The main objective of this study was to use interval probability theory [3] to arrive at an interval value for the top level holon "vulnerability" from a number of lower level holons, each of which is characterized by an interval number and a weight, reflecting importance. Different ways of combining connectives and dependencies between lower level (child) holons were explored, in order to arrive at the interval for an upper level (parent) holon. This aspect of the work is a novel contribution. Proposing a method for converting the final two valued vulnerability assessment back to a linguistic label having a level of confidence was another objective with a novel character. The final objective was to demonstrate that the computerized hierarchy could be used as a management tool - i.e. to check the contribution to overall vulnerability from various holons, so that effective improvements and/or assessments could be considered.

The evidence for proneness to failure is first given a linguistic label (i.e. very low, low, moderate, high, very high) that is related to a fuzzy set. Next, the confidence in that assessment is treated as a horizontal line that cuts the relevant fuzzy set at a lower and upper bound, thus creating an interval number for a holon, the lower number referred to as S_n or "necessary" support and the upper one as S_p or "possible" support.

The combining of two weighted interval numbers treated the weights as influences on the upper level holon, considering two boundary conditions, namely the case when one of the weights was unity and the other zero, and the case when both weights were equal. This was extended to the combining of more than two weighted interval numbers, ensuring that the result was independent of the order of combination. In addition, the combination of evidence also depends on the dependency relationship between holons; in this study, a maximum dependence assumption was used together with the OR connective. The above approach was preferred as a result of its simplicity to the more recent developments in interval probability theory [4].

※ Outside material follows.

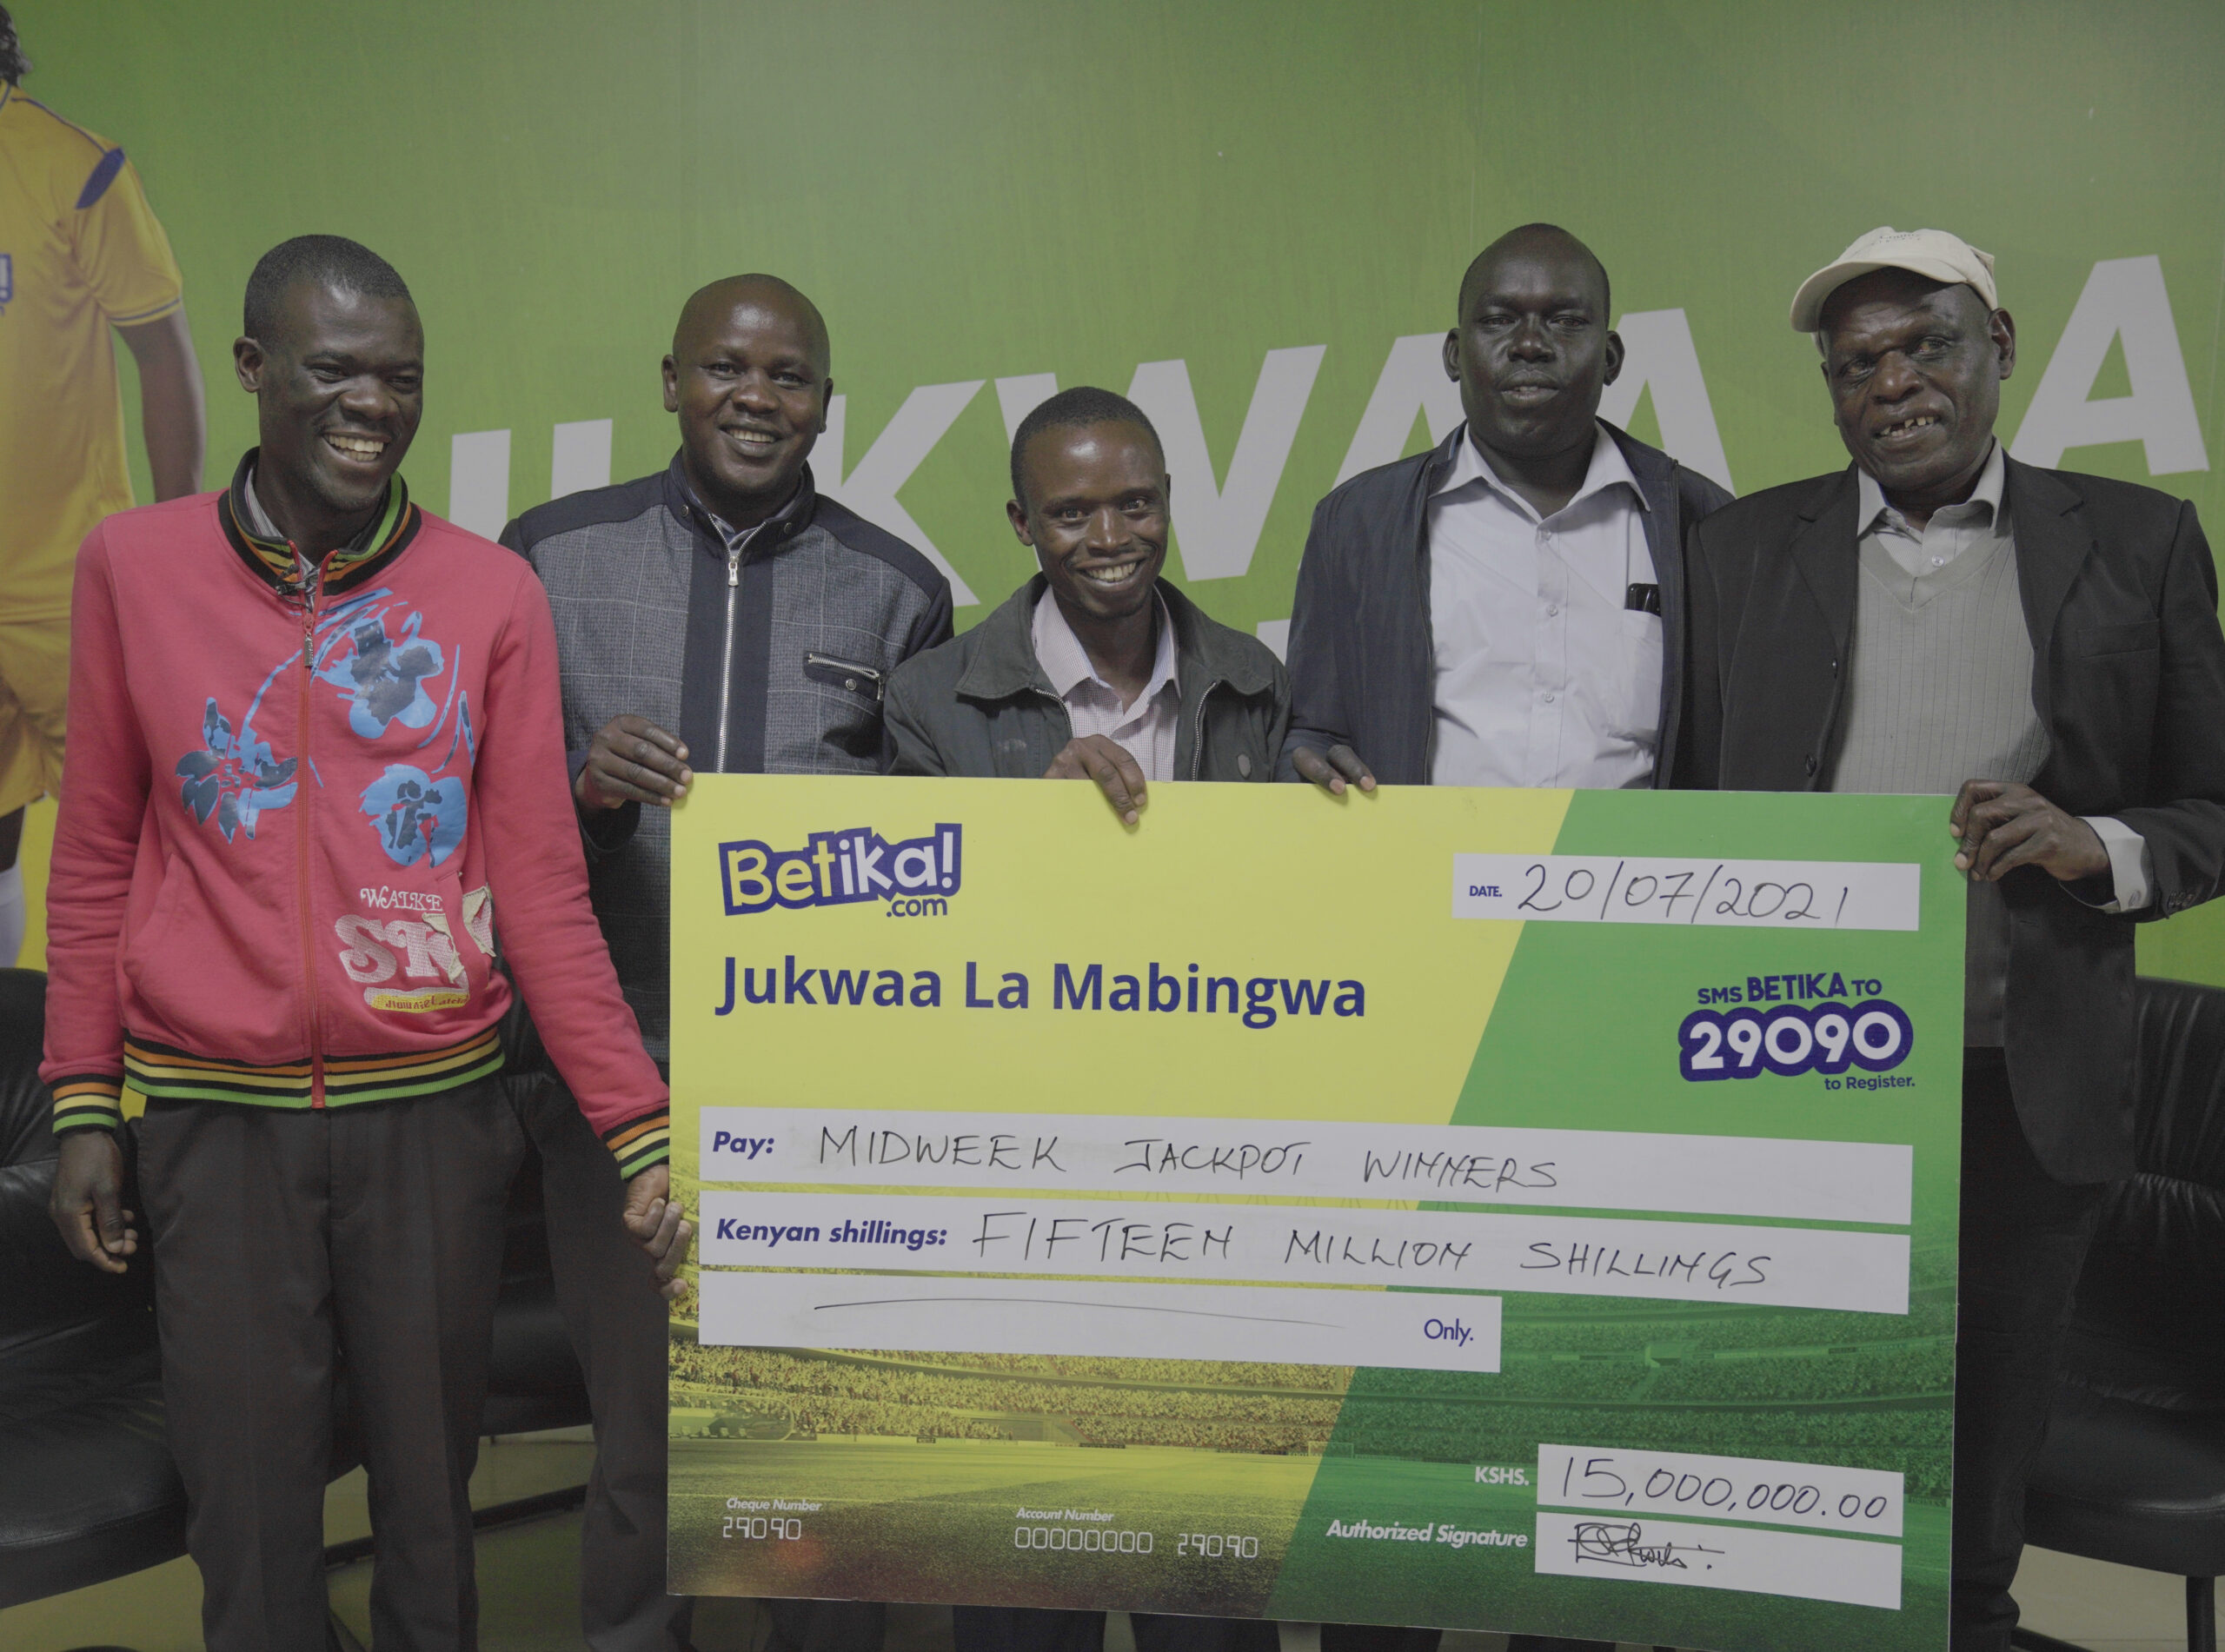 A Quintet of Winners Bag Betika Ksh15 Midweek Jackpot
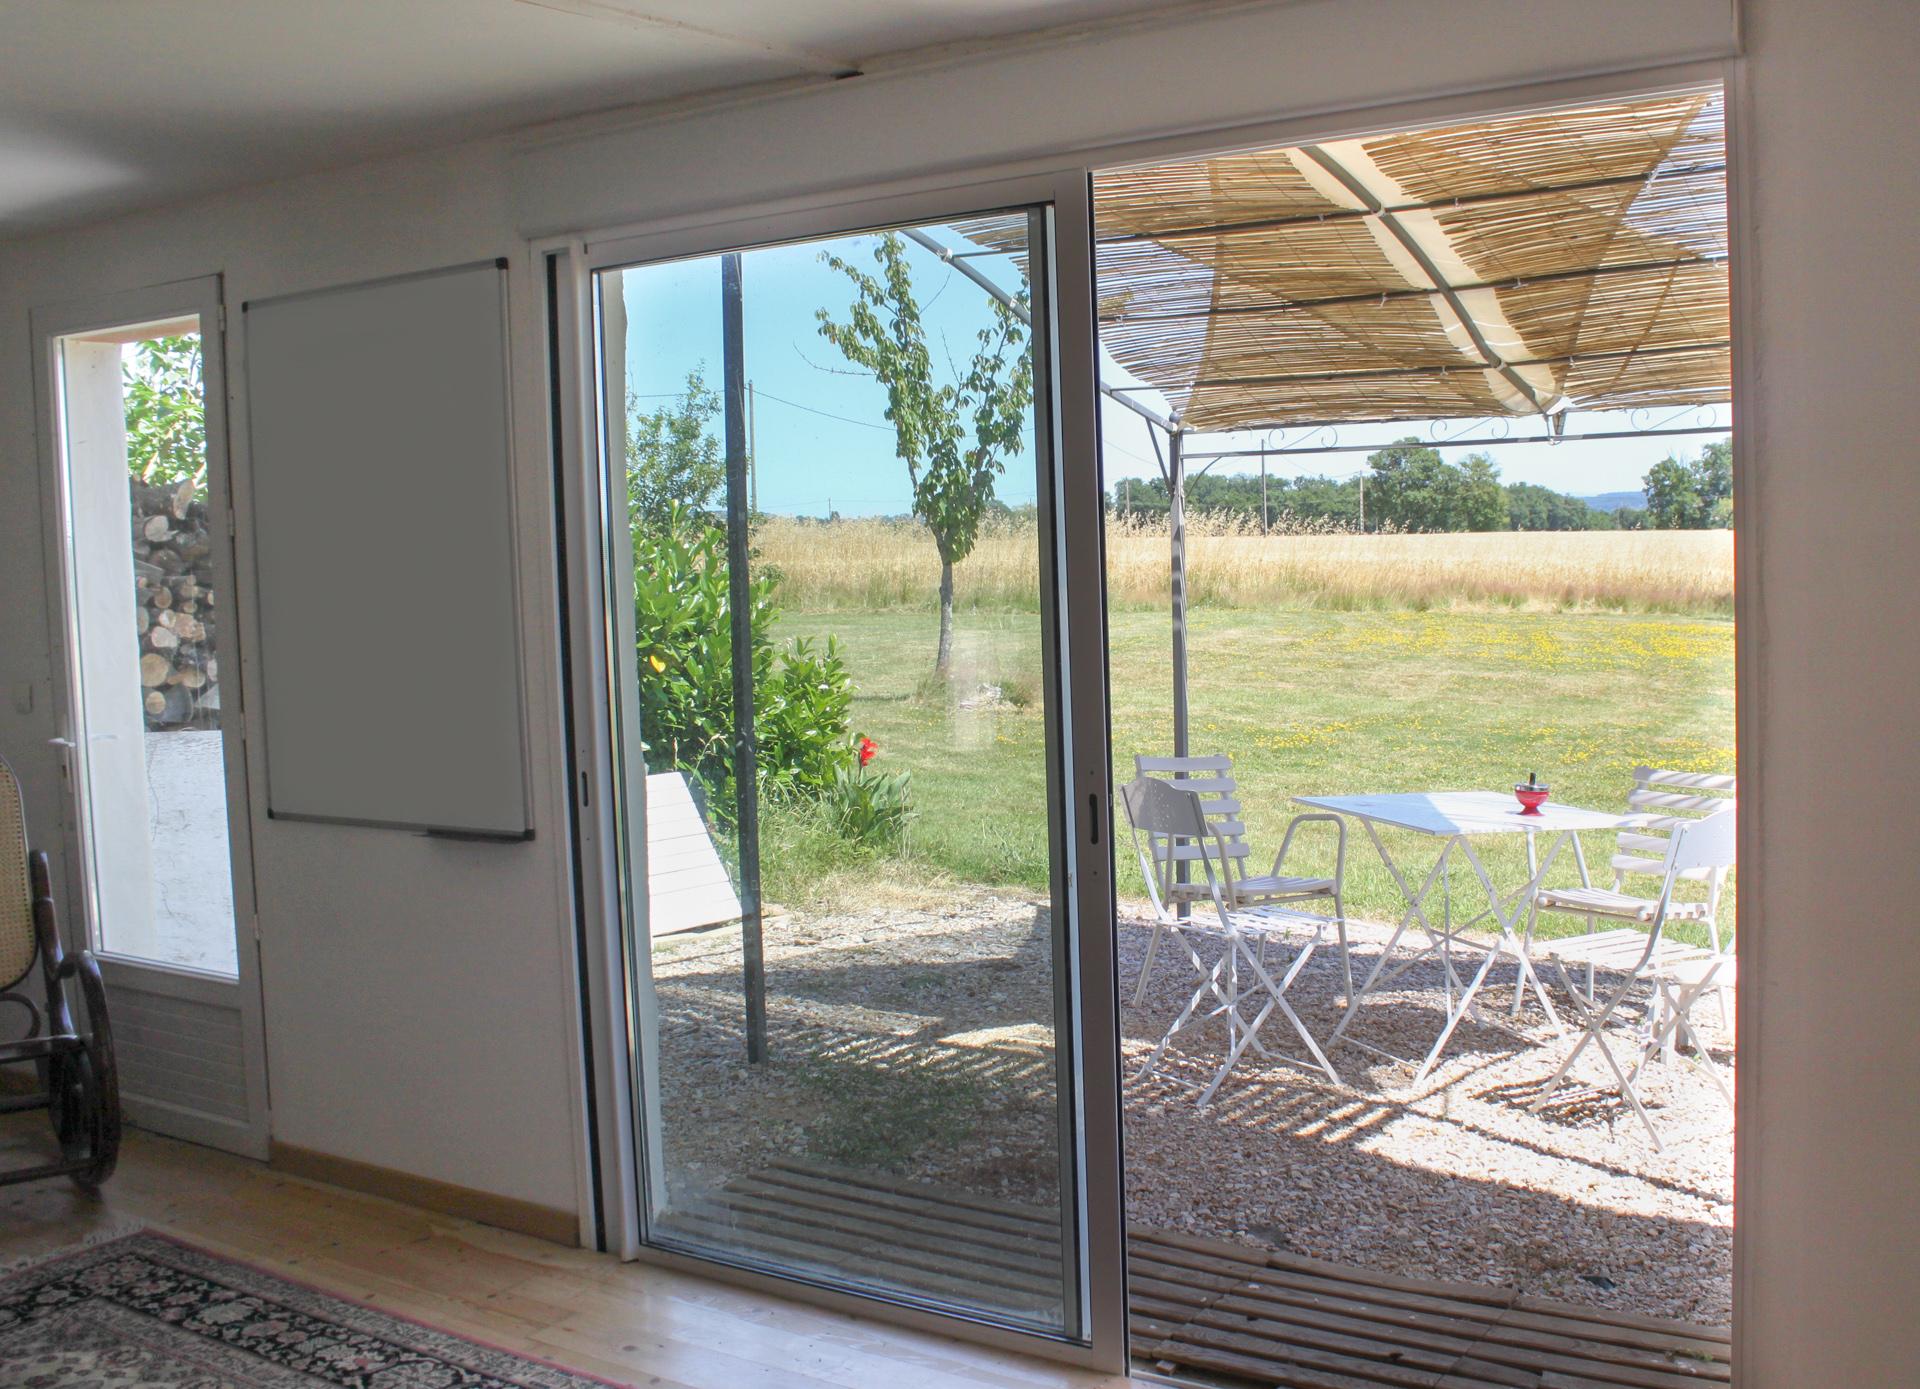 Ombrassa baie vitrée sur terrasse

The entire system was computerized using a spreadsheet, with a reasonably simple user interface. An existing building was assessed as a test case. The interval number for vulnerability was converted back to a linguistic variable with a degree of confidence by determining the area between the vertical lines through the two numbers on the fuzzy set graphs; and then determining the overlapping of that area with the areas of the fuzzy sets corresponding to the various linguistic labels (e.g. moderate, high, very high etc.). The ratio between the individual area for each fuzzy set and the total area can be taken as a measure of confidence of the assessment that the building is vulnerable to the degree defined by that fuzzy set.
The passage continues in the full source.